What Is Data Science

The picture below gives an idea how Data Science relates to those fields:


Data Science is the practical application of all those fields (AI, ML, DL) in a business context.  “Business” here is a flexible term since it could also cover a case where you work on scientific research.  In this case your “business” is science.  Which actually is truer than you want to think about.

But whatever the context of your application is, the goals are always the same:

  • extracting insights from data,
  • predicting developments,
  • deriving the best actions for an optimal outcome,
  • or sometimes even perform those actions in an automated fashion.

As you can also see in the diagram above, Data Science covers more than the application of only those techniques.  It also covers related fields like traditional statistics and the visualization of data or results.   Finally, Data Science also includes the necessary data preparation to get the analysis done.  In fact, this is where you will spend most of your time on as a data scientist.

A more traditional definition describes a data scientist as somebody with programming skills, statistical knowledge, and business understanding. And while this indeed is a skill mix which allows you to do the job of a data scientist, this definition falls a bit short.  Others realized this as well which led to a battle of Venn diagrams.

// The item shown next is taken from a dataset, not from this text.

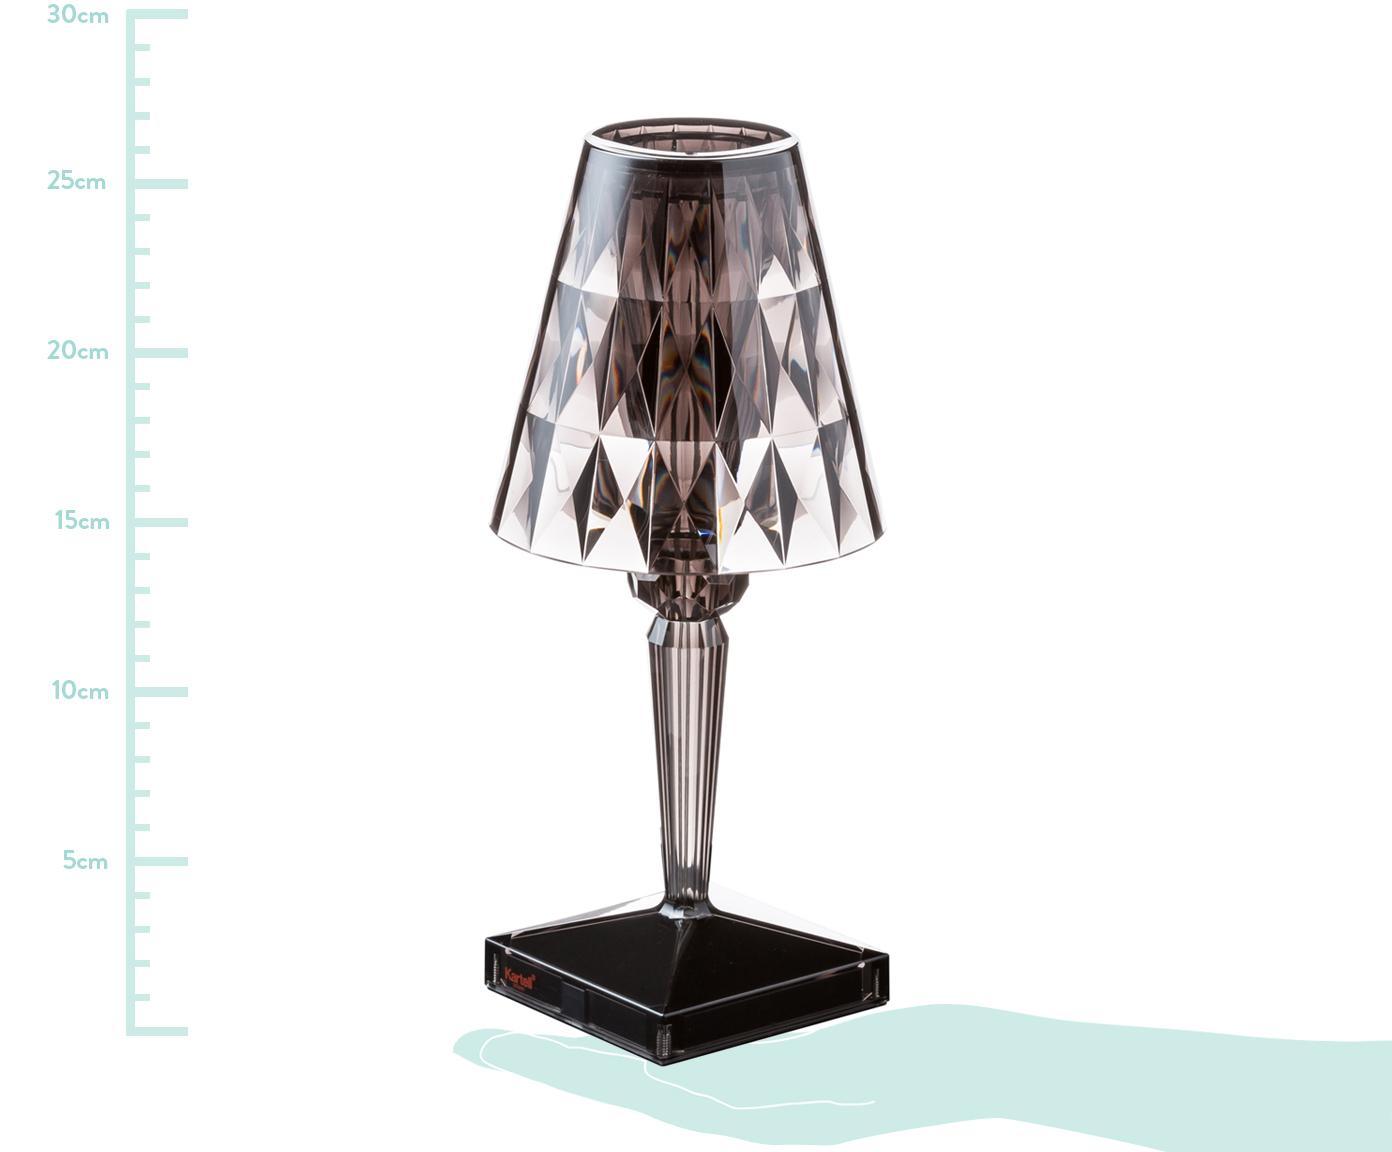 LED tafellamp Battery, Kunststof, Grijs, transparant, Ø 12 x H 26 cm

The problem is that people can be good data scientists even if they do not write a single line of code. And other data scientists can create great predictive models with the help of the right tools.  But without a deeper understanding of statistics.  So the “unicorn” data scientist (who can master all the skills at the same time) is not only overpaid and hard to find.  It might also be unnecessary.

For this reason, I like the definition above more which focuses on the “what” and less on the “how”.  Data scientists are people who apply all those analytical techniques and the necessary data preparation in the context of a business application.  The tools do not matter to me as long as the results are correct and reliable.

 

What is Artificial Intelligence, Machine Learning, and Deep Learning?

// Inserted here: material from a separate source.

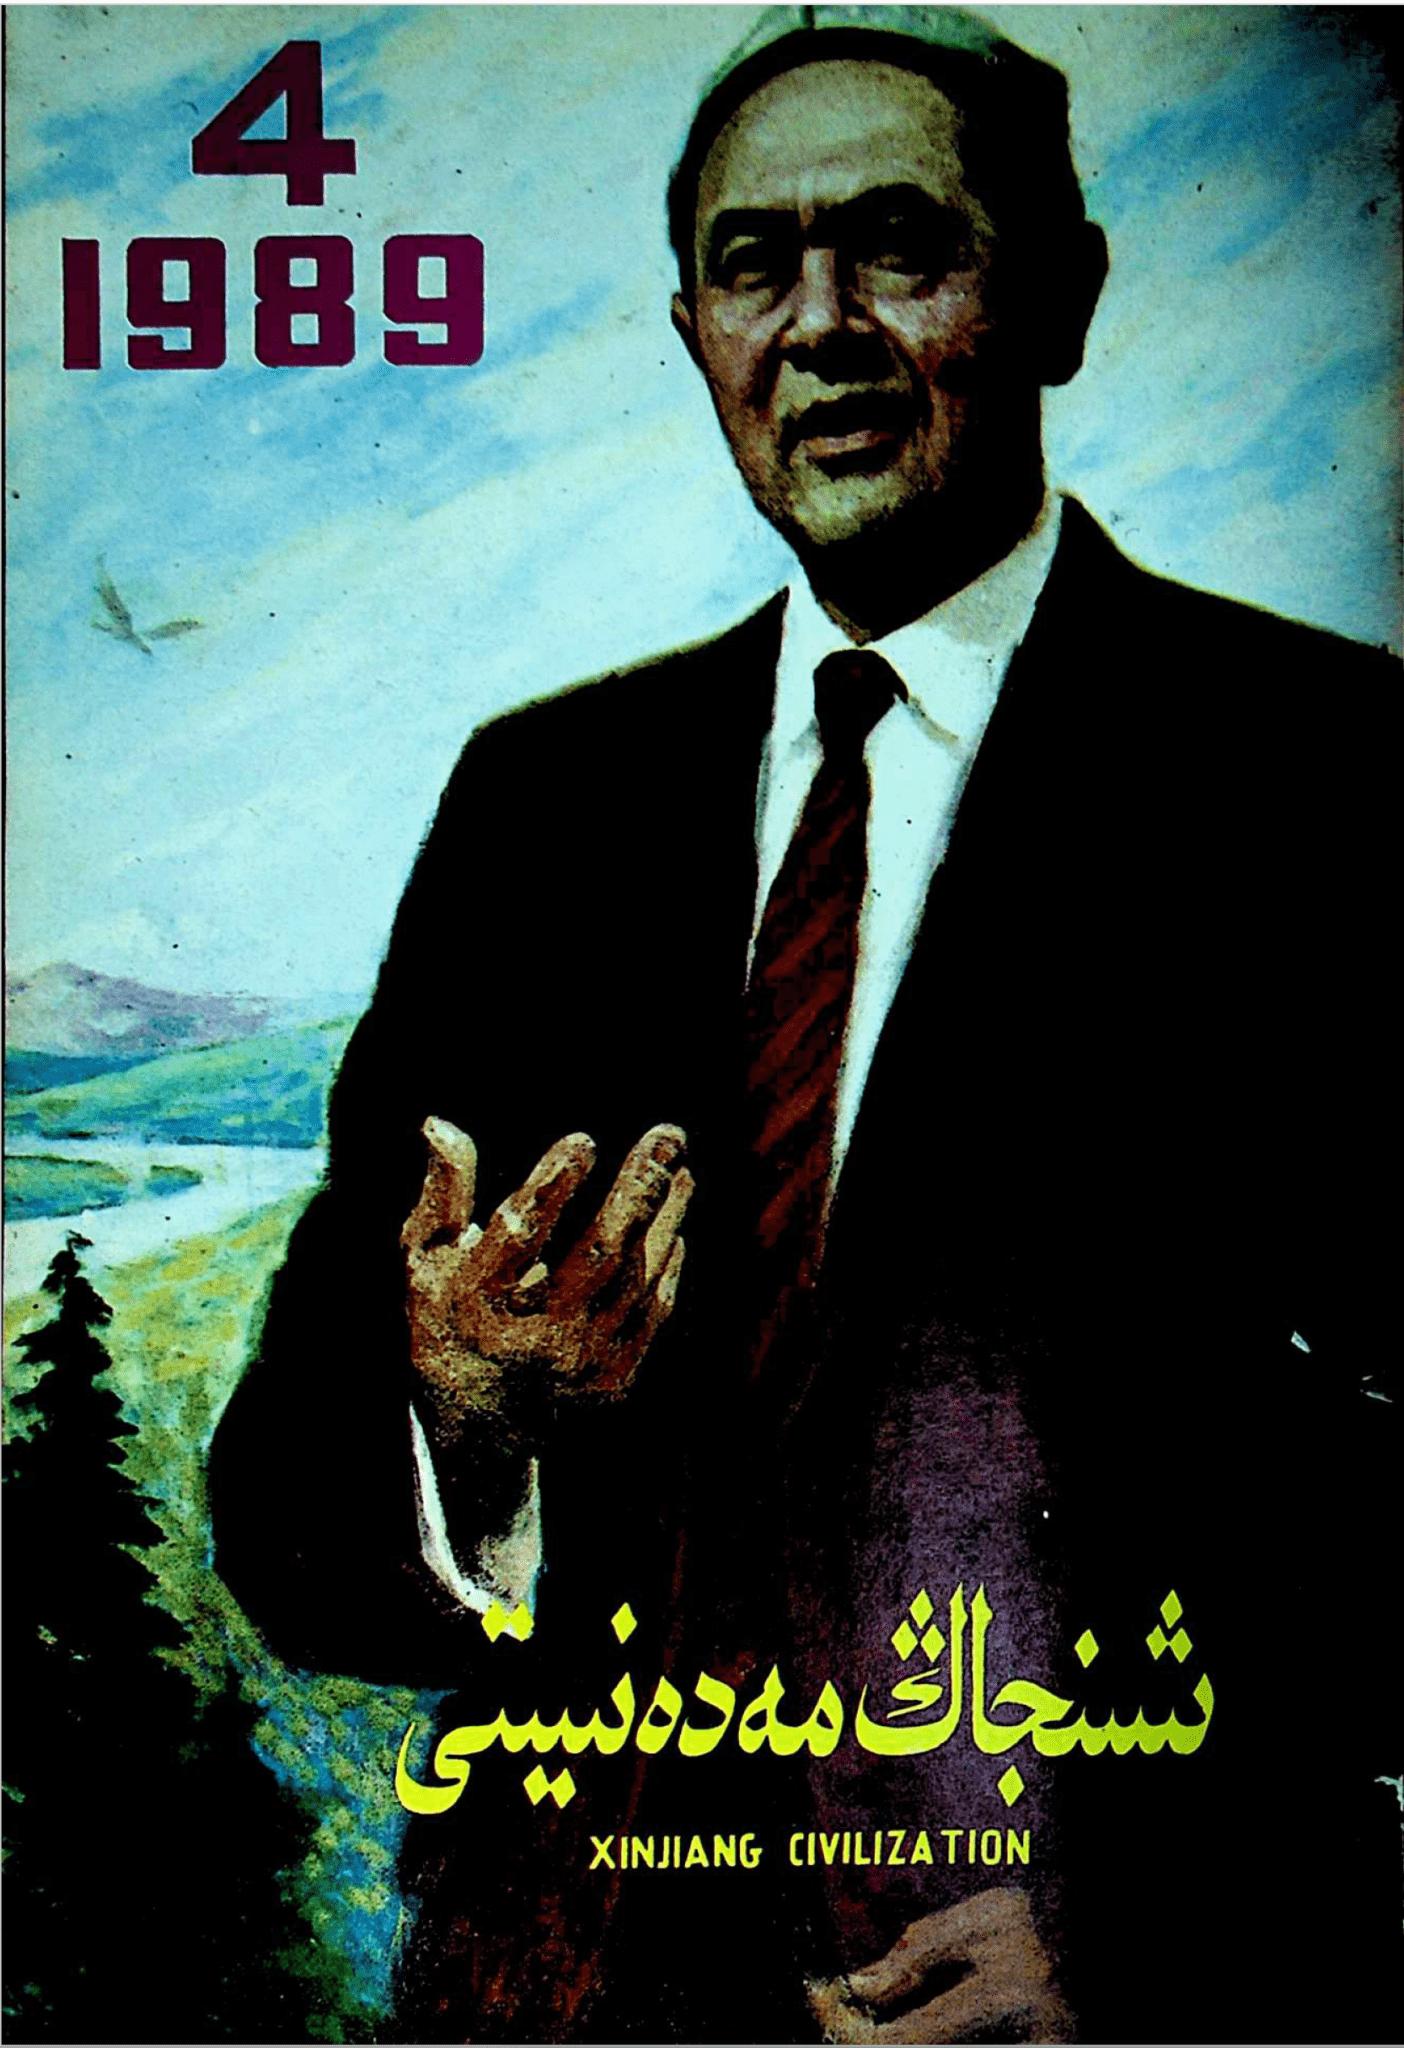 Screenshot 2020 03 05 at 15.29.49 - شىنجاڭ مەدەنىيىتى 1989-يىلى 4-سان

This post should help to understand the differences and relationships of those fields. Let’s get started with the following picture. It explains the three terms artificial intelligence, machine learning, and deep learning:

Artificial Intelligence is covering anything which enables computers to behave like a human.  Think of the famous – although a bit outdated – Turing test to determine if this is the case or not.  If you talk to Siri on your phone and get an answer, this is close already.  Automatic trading systems using machine learning to be more adaptive would also already fall into this category.

Machine Learning is the subset of Artificial Intelligence which deals with the extraction of patterns from data sets. This means that the machine can find rules for optimal behavior but also can adapt to changes in the world. Many of the involved algorithms are known since decades and sometimes even centuries. But thanks to the advances in computer science as well as parallel computing they can now scale up to massive data volumes.

Deep Learning is a specific class of Machine Learning algorithms which are using complex neural networks.  In a sense, it is a group of related techniques like the group of “decision trees” or “support vector machines”.  But thanks to the advances in parallel computing they got quite a bit of hype recently which is why I broke them out here. As you can see, deep learning is a subset of methods from machine learning.  When somebody explains that deep learning is “radically different from machine learning“, they are wrong.  But if you would like to get a BS-free view on deep learning, check out this webinar I did some time ago.

But if Machine Learning is only a subset of Artificial Intelligence, what else is part of this field?  Below is a summary of the most important research areas and methods for each of the three groups:

  • Artificial Intelligence: Machine Learning (duh!), planning, natural language understanding, language synthesis, computer vision, robotics, sensor analysis, optimization & simulation, among others.
  • Machine Learning: Deep Learning (another duh!), support vector machines, decision trees, Bayes learning, k-means clustering, association rule learning, regression, and many more.
  • Deep Learning: artificial neural networks, convolutional neural networks, recursive neural networks, long short-term memory, deep belief networks, and many more.

As you can see, there are dozens of techniques in each of those fields. And researchers generate new algorithms on a weekly basis.  Those algorithms might be complex.